Purpose: The goal of the present study was to investigate the value of modification reflection prompts (“think ahead”) as a complementary reflective framework during the teacher preparatory program, beyond the more traditional judgment reflection prompts (“think back”). In particular, we examined how preservice science teachers may capitalize on learning from modification prompts versus judgment prompts versus both (“think back” and “think ahead”), compared with learning from generic prompts (“stop and think”) based on the IMPROVE model oriented to TPCK. We examined these four treatments’ effects on preservice teachers’ actual design of science lessons and development of their own self-reflection abilities.
Participants: Participants were 199 first-year preservice science teachers in their preparatory programs at a university in central Israel.
Research Design: We created a quasi-experimental opportunity for four groups of preservice science teachers to systematically contemplate ready-made TPCK-oriented lesson designs. Each used one of four different reflective methods (the independent variable): modification, judgment, combined modification+judgment, or generic prompts. Then we examined the differential contribution of these treatment methods to the two dependent variables: (1) preservice teachers’ skills for designing actual science lessons and (2) their judgment-type and modification-type self-reflection ability regarding the planning, monitoring, and evaluation phases of their lesson-design process.
Data Collection and Analysis: Data were scored by coding schemes and were analyzed by multivariate analysis of variance and follow-up analyses of variance with repeated measures.
Findings: Results indicated that preservice teachers who contemplated a combination of both judgment and modification reflections in treatment improved more in their lesson-design skills and in their self-reflection ability (of both types at the three phases), compared with preservice teachers who contemplated only a single type of reflective prompt (generic or only judgment or modification).
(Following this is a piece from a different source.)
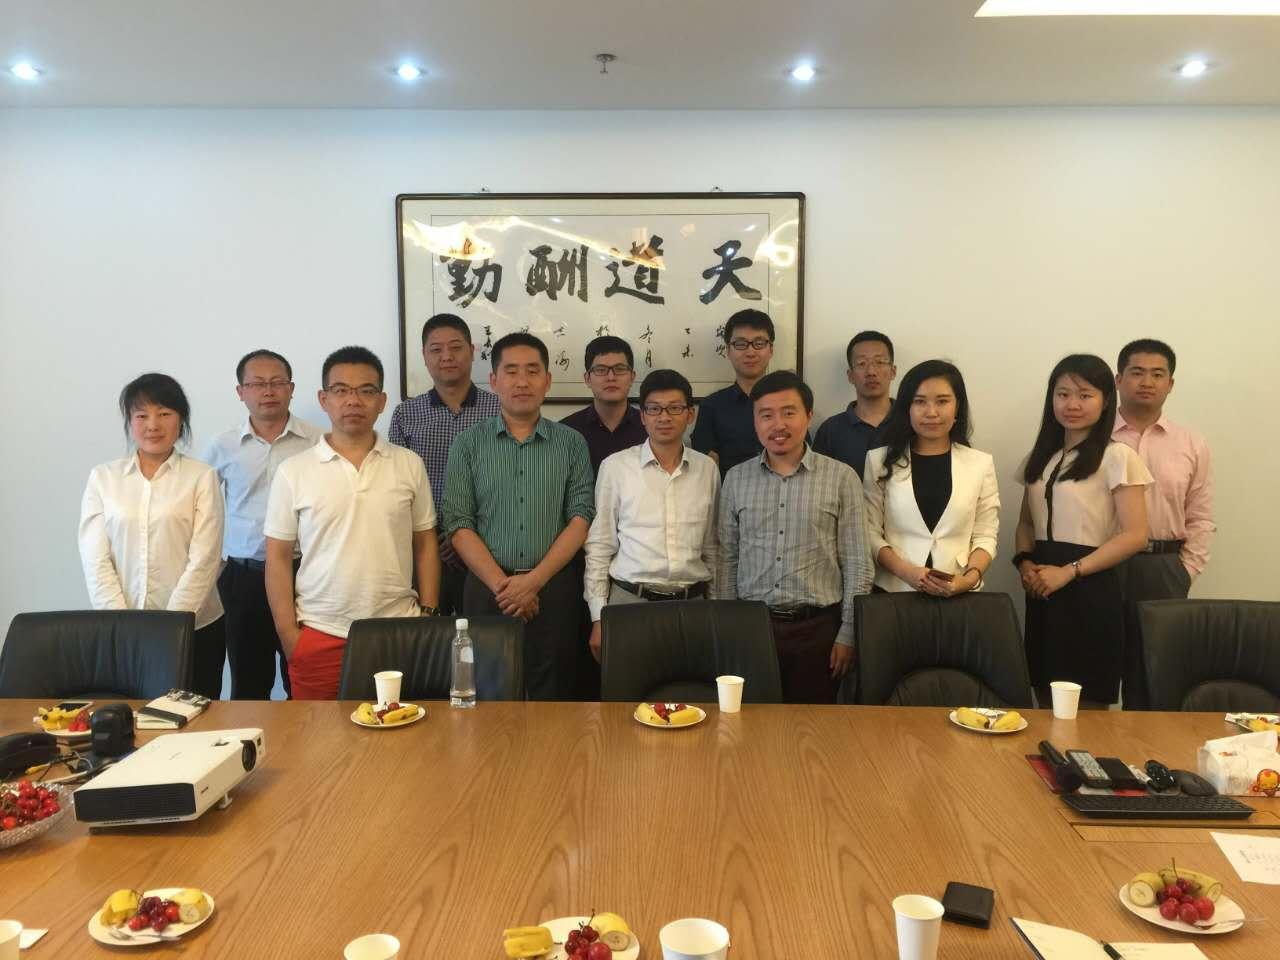 因诺资产徐书楠:量化投资新机遇和新挑战

Lasting effects (after a semester without the IMPROVE model, prompts, or TPCK focus) revealed that the combined approach continued to significantly outperform the single approaches.
Recommendations: The current study reinterprets the instructional-reflective framework of teacher education programs to include modification reflection too as a means of developing preservice teachers’ capacity to integrate technology in their lesson designs.